Pictures do not belong in your copy. Repeat all the other data exactly.

◆ **Dataset section**:
◇ ◇ ◇ ◇ ◇ ◇ ◇

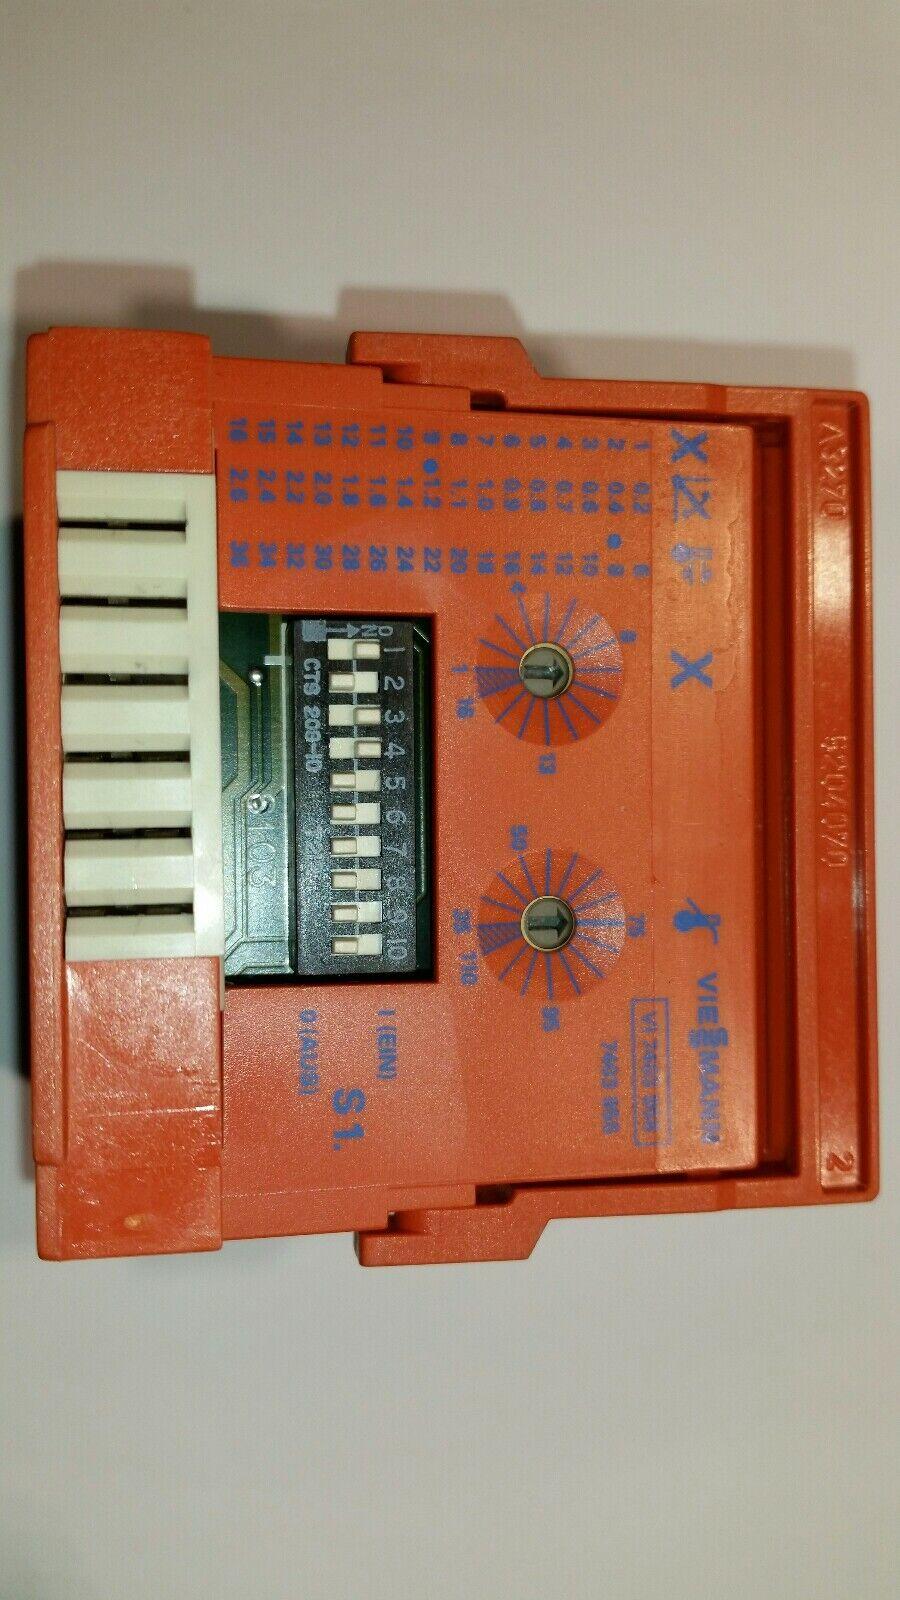 Viessmann Elektronik-Box für Trimatik Regelungen, voll Funktionsfähig, wie Neu.
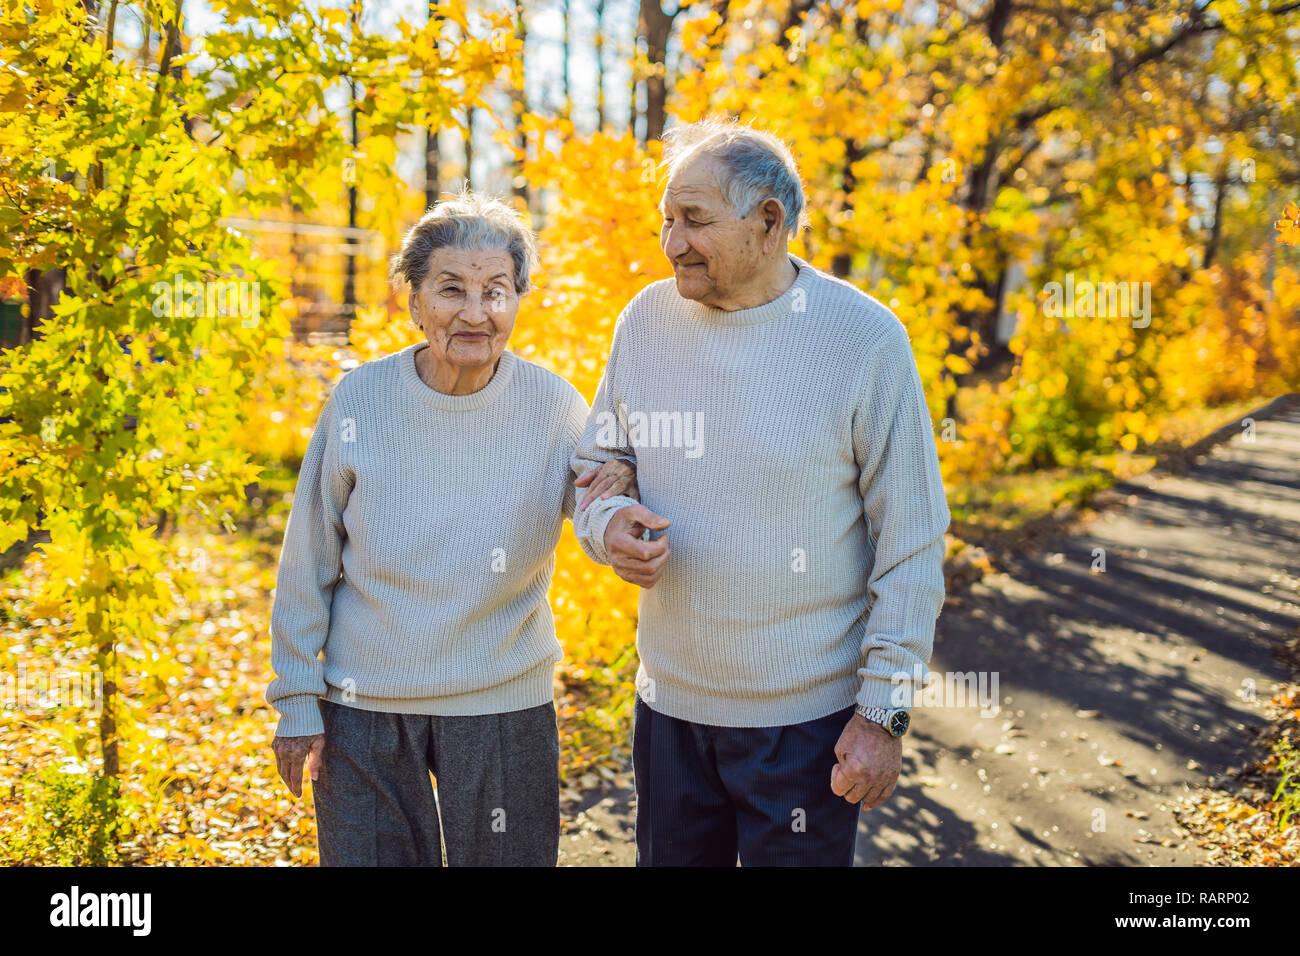 Heureux les personnes âgées dans la forêt d'automne. la famille, l'âge, la saison et les gens concept - happy senior couple marchant sur les arbres d'automne background Banque D'Images
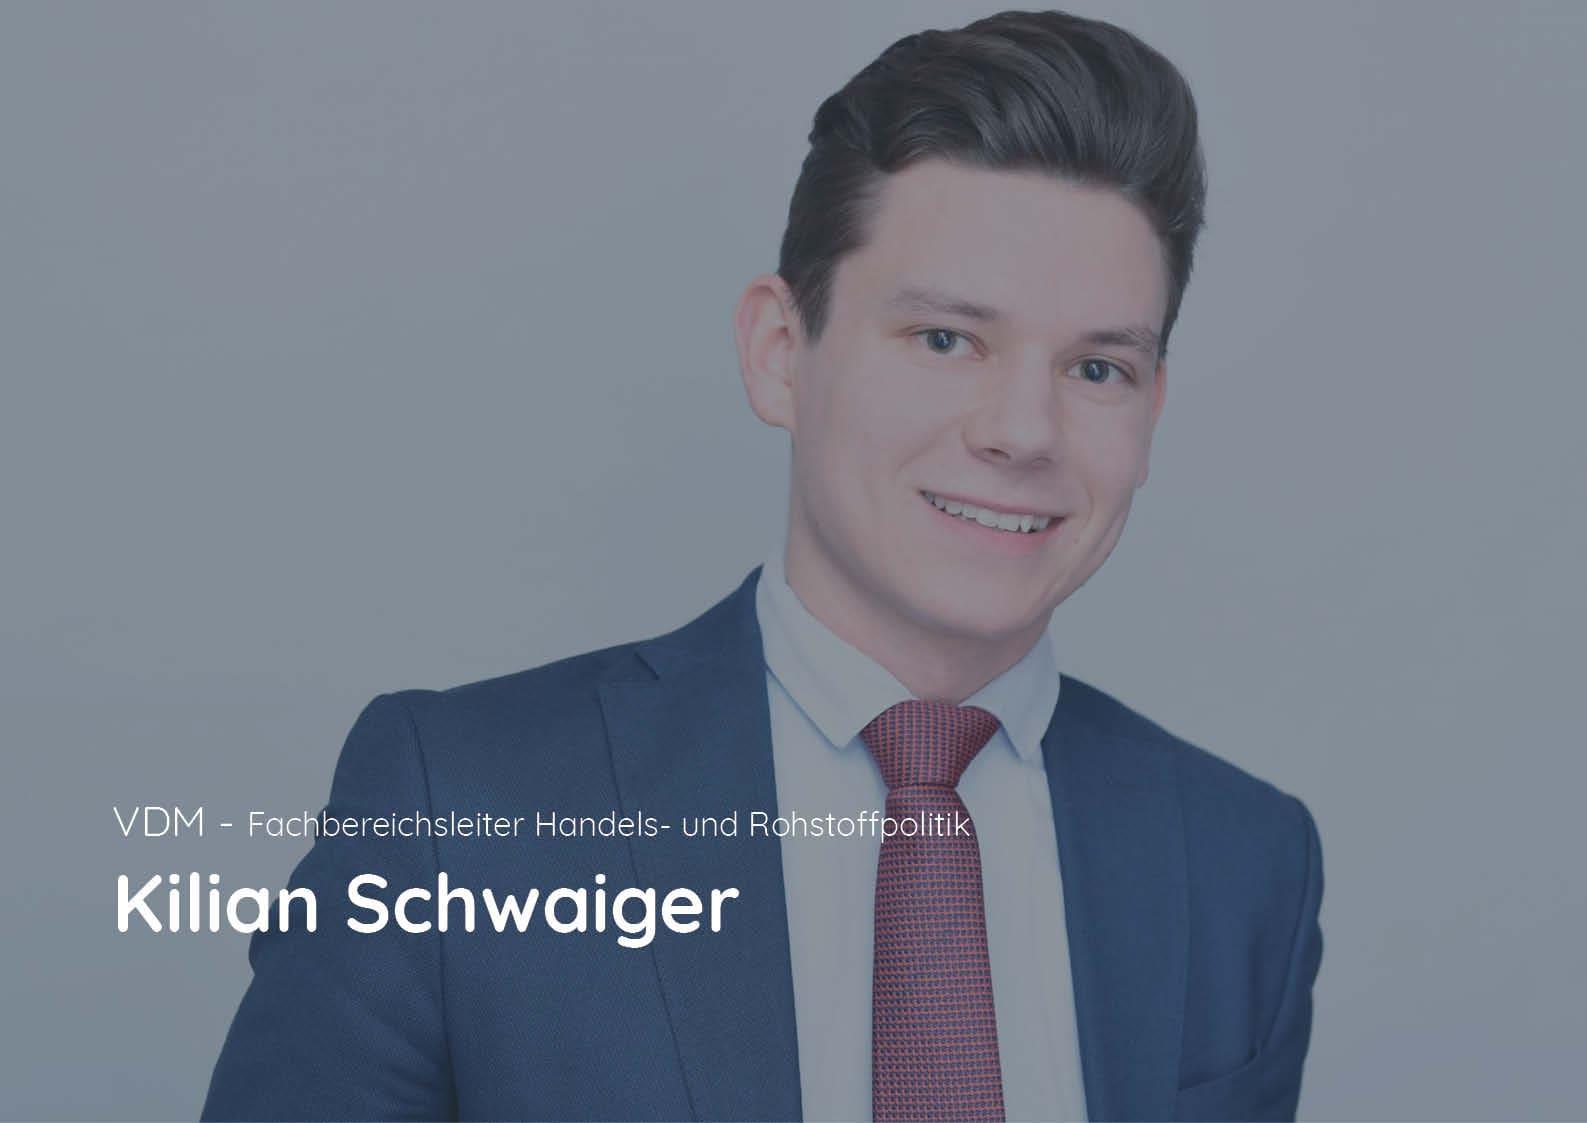 Im Gespräch: Kilian Schwaiger – Fachbereichsleiter Handels- und Rohstoffpolitik beim Verband Deutscher Metallhändler e.V.
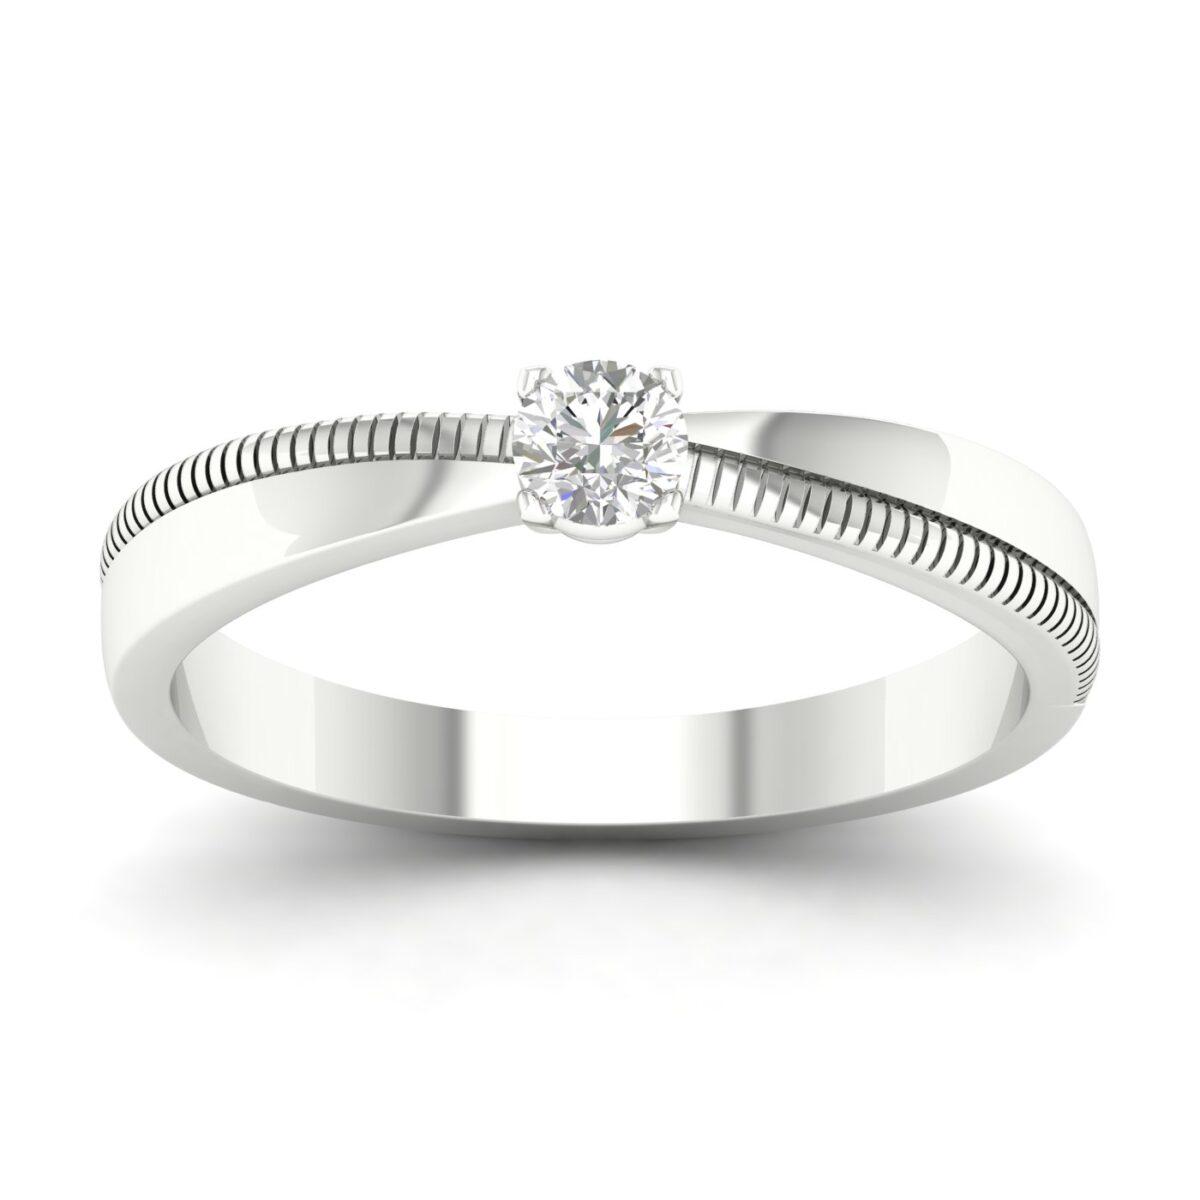 Kullast sõrmus teemantiga 0,25 ct. Kood: 81hb

◇ ◇ ◇ ◇ ◇ ◇ ◇

◆ **Final answer**:
 Viessmann Elektronik-Box für Trimatik Regelungen, voll Funktionsfähig, wie Neu.
 Heureux les personnes âgées dans la forêt d'automne. la famille, l'âge, la saison et les gens concept - happy senior couple marchant sur les arbres d'automne background Banque D'Images
 Im Gespräch: Kilian Schwaiger – Fachbereichsleiter Handels- und Rohstoffpolitik beim Verband Deutscher Metallhändler e.V.
 Kullast sõrmus teemantiga 0,25 ct. Kood: 81hb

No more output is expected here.